Reproduced in repros/22212.py:

seeded runs:monitor_worker_health -> {state: running}
docket.add  -> Disposition.ALREADY_SCHEDULED   (state still 'running' — NO-OP, BUG)
docket.replace -> Disposition.SCHEDULED         (state -> 'queued' — RECOVERED)

Fix

docket.replace unconditionally overwrites the schedule, clearing the stale running state. Two paths use it:

  1. register_and_schedule_perpetual_services now uses replace — recovers stuck services on server restart.
  2. New PerpetualServiceRecovery worker dependency hooks docket's worker_lifecycle, which the worker enters at the start of every loop (including the loop after a mid-runtime Redis reconnection), and force-reschedules every automatic perpetual task via a shared reschedule_automatic_perpetual_tasks(docket) helper. This recovers without requiring a restart — the scenario in the issue.
class PerpetualServiceRecovery(Dependency["PerpetualServiceRecovery"]):
    @classmethod
    @asynccontextmanager
    async def worker_lifecycle(cls, docket, worker):
        await reschedule_automatic_perpetual_tasks(docket)  # docket.replace per automatic perpetual task
        yield

The helper iterates docket.tasks (mirroring docket's own automatic-perpetual scheduling), so it only touches registered, enabled, automatic perpetual services.

Notes

  • The underlying limitation is in docket (_schedule_all_automatic_perpetual_tasks using add); this is a Prefect-side recovery so customers don't have to wait on a docket release. A follow-up upstream fix in pydocket would let us drop the worker dependency.
  • Supersedes the stale draft fix(services): force-reschedule perpetual services after Redis disruption #22303 (same root cause; this is a cleaner, stateless reimplementation).

Checklist

  • This pull request references any related issue by including "closes Worker status not updated to OFFLINE after Redis disruption #22212"
  • If this pull request adds new functionality, it includes unit tests that cover the changes
  • If this pull request removes docs files, it includes redirect settings in mint.json.
  • If this pull request adds functions or classes, it includes helpful docstrings.

Link to Devin session: https://app.devin.ai/sessions/08d8e50048124c0c856e30be495d491b
Requested by: @bdalpe

…out restart

A perpetual service mid-execution when Redis is disrupted is left with its
runs-hash in state=running. The docket worker reschedules automatic perpetual
tasks on every (re)connection, but via docket.add, which no-ops on a task that
is already known -- including one stuck in state=running. The Foreman therefore
never runs again and stale workers stay ONLINE indefinitely.
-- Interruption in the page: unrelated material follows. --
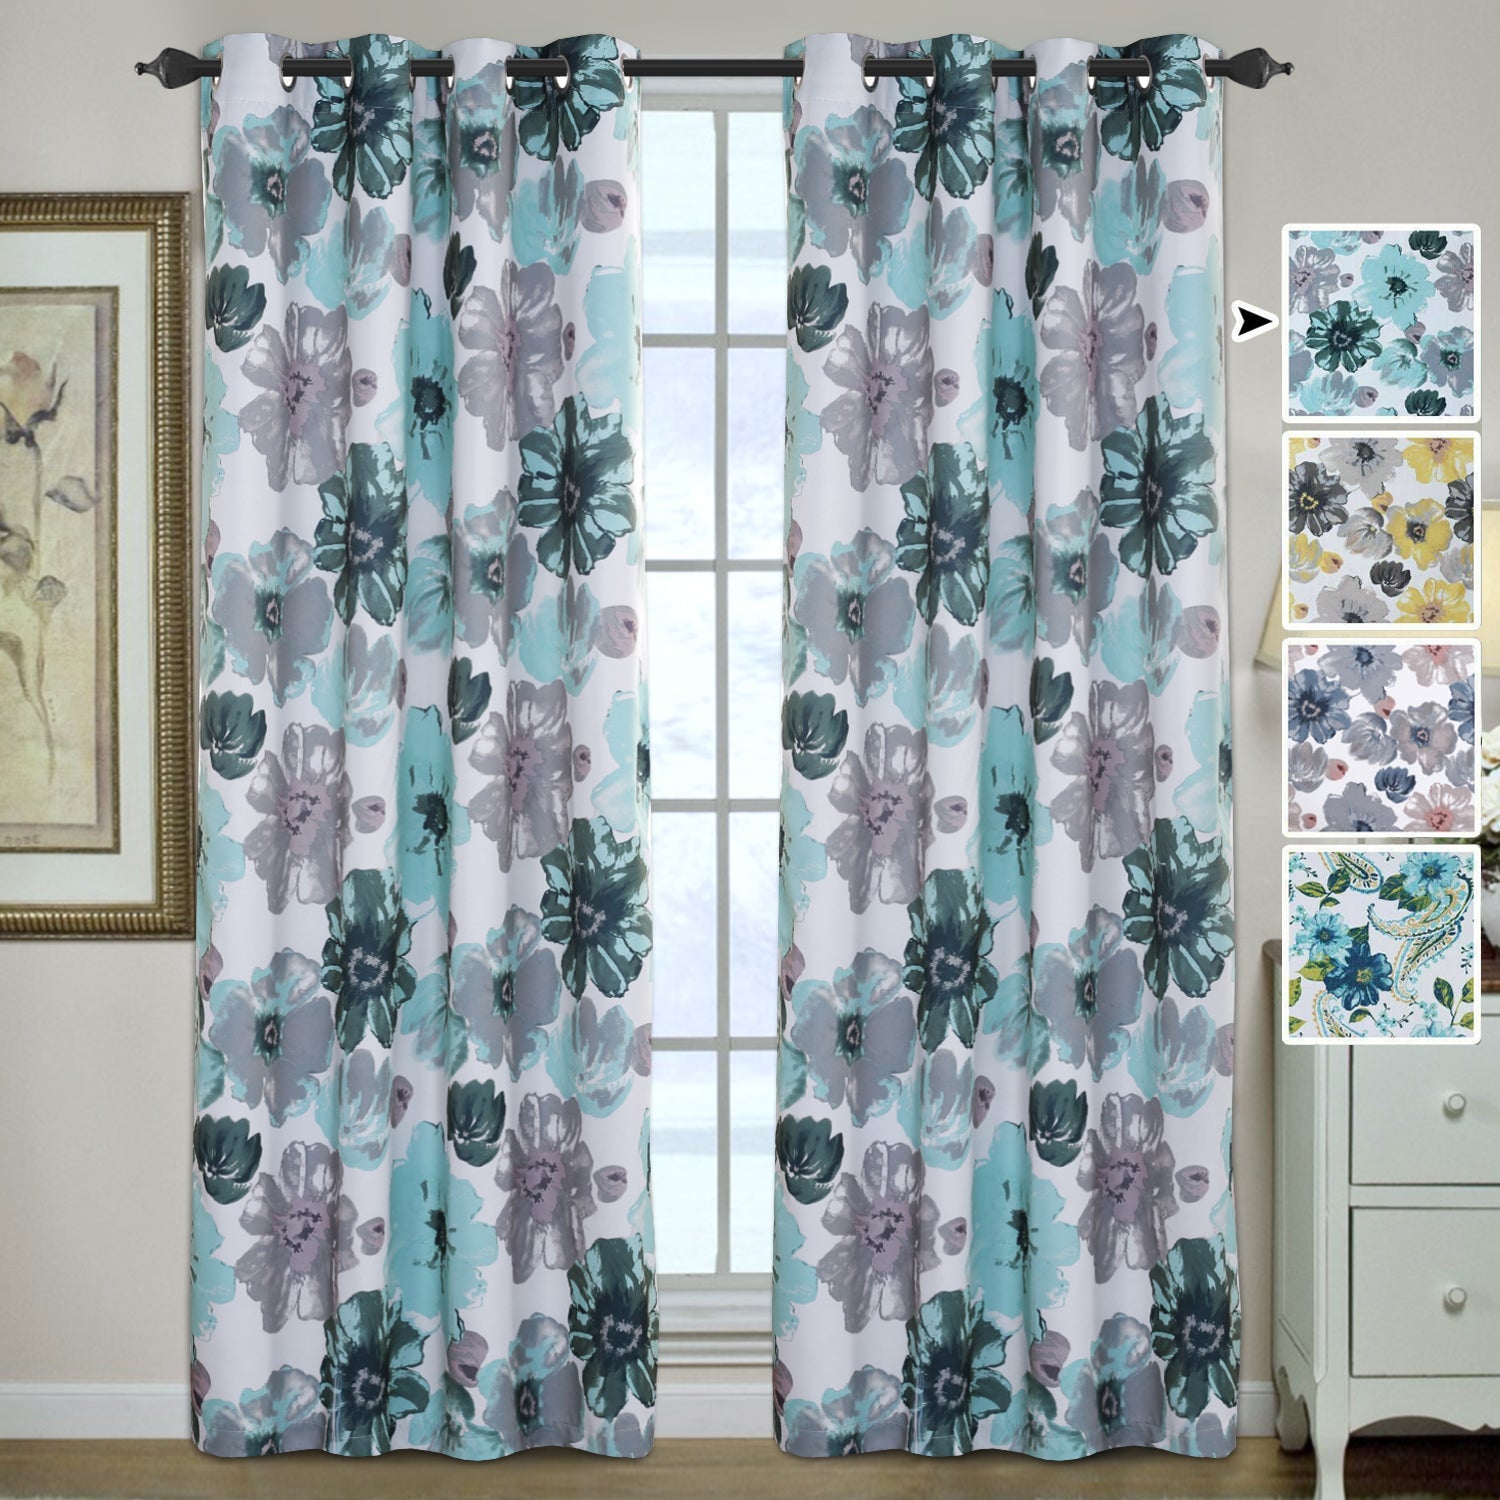 2x Blockout Floral Curtains Eyelet Blackout Curtain Draperies for Living Bedroom

Force-(re)schedule automatic perpetual tasks with docket.replace, which clears
the stale running state:
- register_and_schedule_perpetual_services uses replace (server-restart path)
- new PerpetualServiceRecovery worker dependency reschedules via replace on each
  worker-loop start, recovering after a mid-runtime Redis reconnection

Co-authored-by: Brendan Dalpe <brendan.dalpe@prefect.io>
Co-Authored-By: Devin AI <158243242+devin-ai-integration[bot]@users.noreply.github.com>
@bdalpe bdalpe self-assigned this Jun 30, 2026
@devin-ai-integration

Copy link
Copy Markdown
Contributor Author

🤖 Devin AI Engineer

I'll be helping with this pull request! Here's what you should know:

✅ I will automatically:

  • Address comments on this PR. Add '(aside)' to your comment to have me ignore it.
  • Look at CI failures and help fix them

Note: I can only respond to comments from users who have write access to this repository.

⚙️ Control Options:

  • Disable automatic comment, CI, and merge conflict monitoring
@github-actions github-actions Bot added the bug Something isn't working label Jun 30, 2026
bdalpe and others added 2 commits June 30, 2026 18:54
Co-authored-by: Brendan Dalpe <brendan.dalpe@prefect.io>
Co-Authored-By: Devin AI <158243242+devin-ai-integration[bot]@users.noreply.github.com>
Co-authored-by: Brendan Dalpe <brendan.dalpe@prefect.io>
Co-Authored-By: Devin AI <158243242+devin-ai-integration[bot]@users.noreply.github.com>
@codspeed-hq

codspeed-hq Bot commented Jun 30, 2026

Copy link
Copy Markdown

Merging this PR will not alter performance

✅ 8 untouched benchmarks
⏩ 1 skipped benchmark1


Comparing devin1/oss-8028-worker-status-not-updated-to-offline-after-redis-disruption (60a3263) with main (e5b9dbc)

Open in CodSpeed

Footnotes

  1. 1 benchmark was skipped, so the baseline result was used instead. If it was deleted from the codebase, click here and archive it to remove it from the performance reports.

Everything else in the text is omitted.